Search code examples
pythonnumpyvectorizationpolynomials

how to vectorize forecasting when using polynomials in numpy


essentially would like to find the most efficient solution (numpy) that essentially allows me to extend np.poly1d to K dimensions.

test case:

import numpy as np
import pandas as pd
import matplotlib.pyplot as plt


class Polyfit:

    @staticmethod
    def from_fit_to_forecast(df, forecast_values, dates_forward, x_data, y_data, order=2):
        # nice vectorized params estimation
        all_params = np.polyfit(x_data, y_data, order)

        # terrible fit of data as I loop over them
        new_df = pd.DataFrame([np.poly1d(i)(x_data) for i in all_params.T], columns=df.index, index=df.columns).T
        forecast_df_second = pd.DataFrame(
            [np.poly1d(i)(forecast_values) for i in all_params.T], columns=dates_forward, index=df.columns).T

        return new_df, forecast_df_second

    @staticmethod
    def gen_data(k_steps):
        data = 1 + np.random.rand(100, 4) / 300 - (np.random.rand(100, 4) / 10) ** 2
        dates = pd.date_range('2010-1-1', freq='D', periods=100)
        dates_forward = pd.date_range(max(dates) + pd.Timedelta(1, unit='d'), freq='D', periods=k_steps)
        return pd.DataFrame(data, columns=list('ABCD'), index=dates).cumprod(), dates_forward

    def __init__(self, k_steps_forward=20):
        self.original_data, dates_forward = self.gen_data(k_steps_forward)

        x_data = list(range(len(self.original_data.index)))
        max_x_data = max(x_data)
        forecast_values = list(range(max_x_data + 1, max_x_data + 1 + k_steps_forward, 1))
        y_data = self.original_data.values

        self.fit_df_2, self.forecast_2 = self.from_fit_to_forecast(
            self.original_data, forecast_values, dates_forward, x_data, y_data, order=2)

cls = Polyfit(k_steps_forward=30)

print(cls.fit_df_2)
print(cls.forecast_2)

the critical point is in the from_fit_to_forecast where I do this:

[np.poly1d(i)(forecast_values) for i in all_params.T]

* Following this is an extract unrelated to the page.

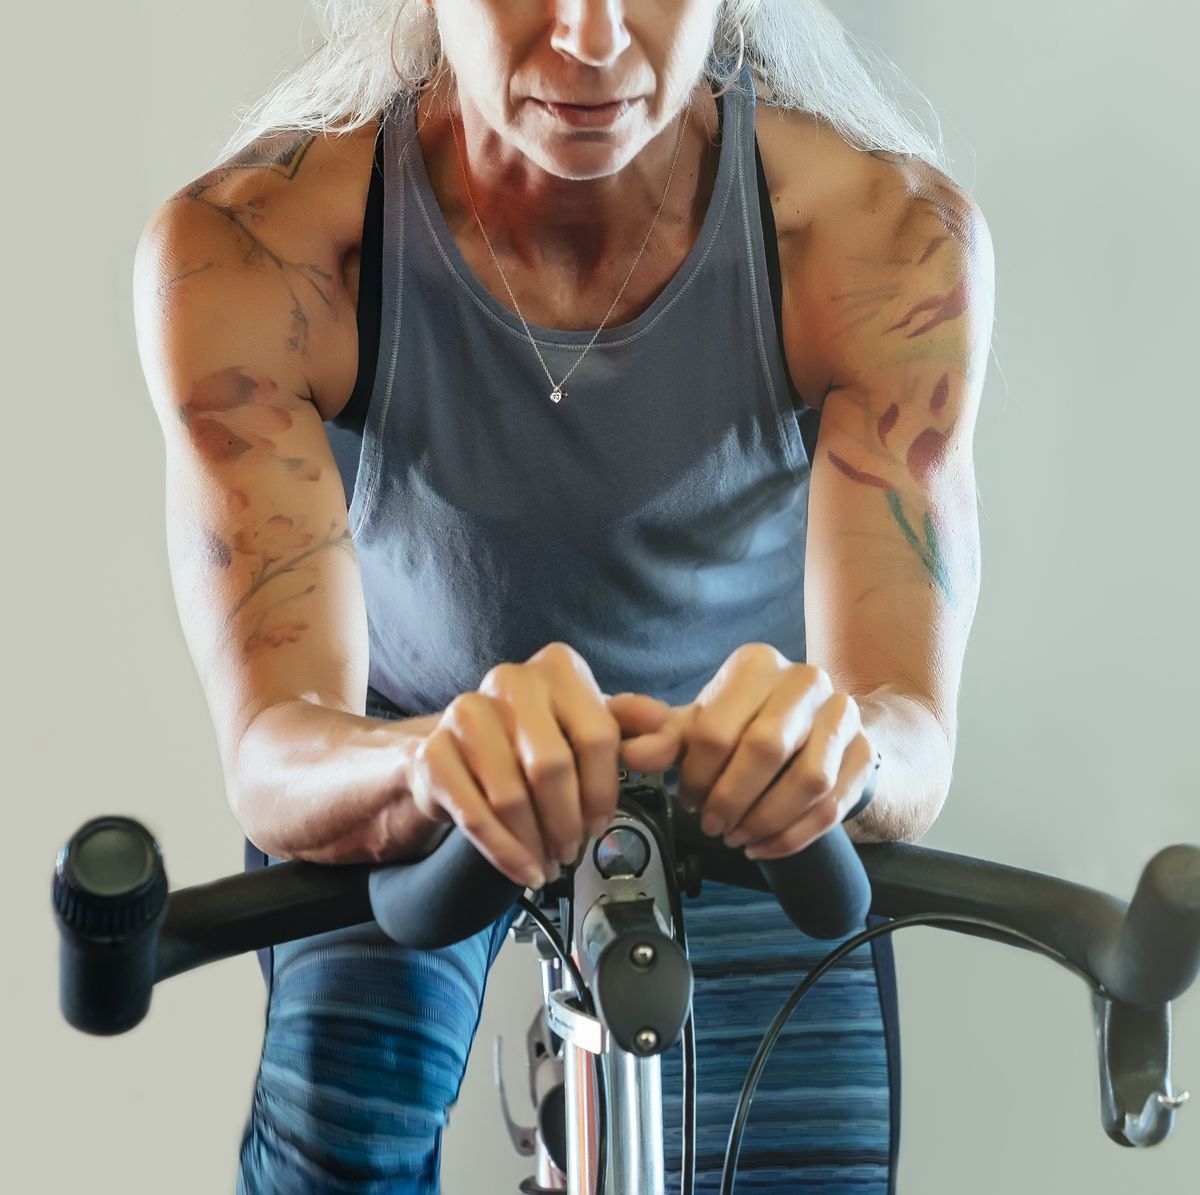 Caucasian woman riding stationary bicycle
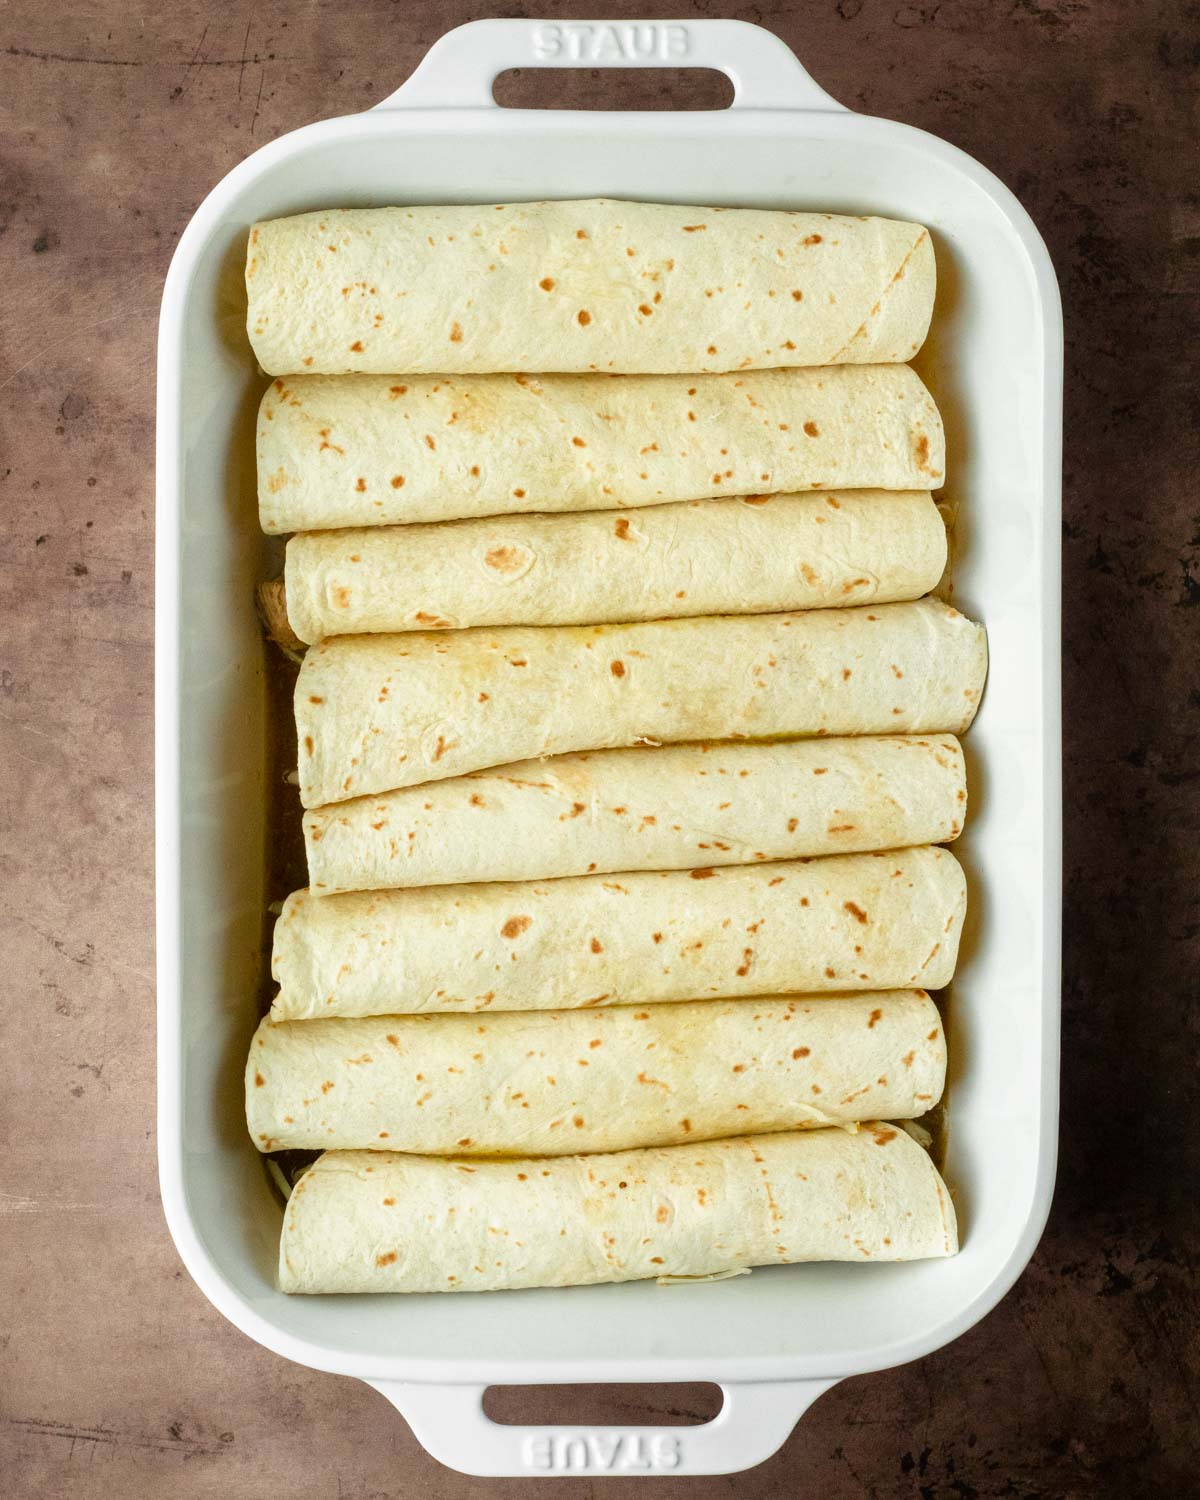 Step 1. Fill the tortillas with meat and cheese, roll up and place in the baking pan

which slows things down considerably. Also, since I would also be using the 2nd order polynomial, I tried playing around with np.dot or other things that work with matrixes but no avail.

any suggestions?


Solution

  • So you got a bunch of polynomial coefficients from

    all_params = np.polyfit(x_data, y_data, order)
    

    (where y_data is a 2D array) and you want to evaluate all of them at the points x_data. A vectorized way to do this, as explained below, is:

    (x_data.reshape(-1, 1)**np.arange(order, -1, -1)).dot(all_params)
    

    Here is a small example where the fit is perfect (2nd degree polys through three points), so you can see that the evaluation is correct

    x_data = np.array([1, 2, 3])
    y_data = np.array([[5, 6,], [9, 8], [7, 4]])
    order = 2
    all_params = np.polyfit(x_data, y_data, order)
    (x_data.reshape(-1, 1)**np.arange(order, -1, -1)).dot(all_params)
    

    outputs

    array([[ 5.,  6.],
           [ 9.,  8.],
           [ 7.,  4.]])
    

    Explanation

    x_data.reshape(-1, 1)**np.arange(order, -1, -1) creates a matrix of powers of x_data points, starting from highest, e.g.,

    x1**2 x1**1 x1**0
    x2**2 x2**1 x2**0
    

    This matrix gets multiplied, by way of matrix multiplication, with the coefficients of quadratic ax**2 + bx + c, which looks like

    a1 a2
    b1 b2
    c1 c2
    

    The result is exactly the values of polynomials.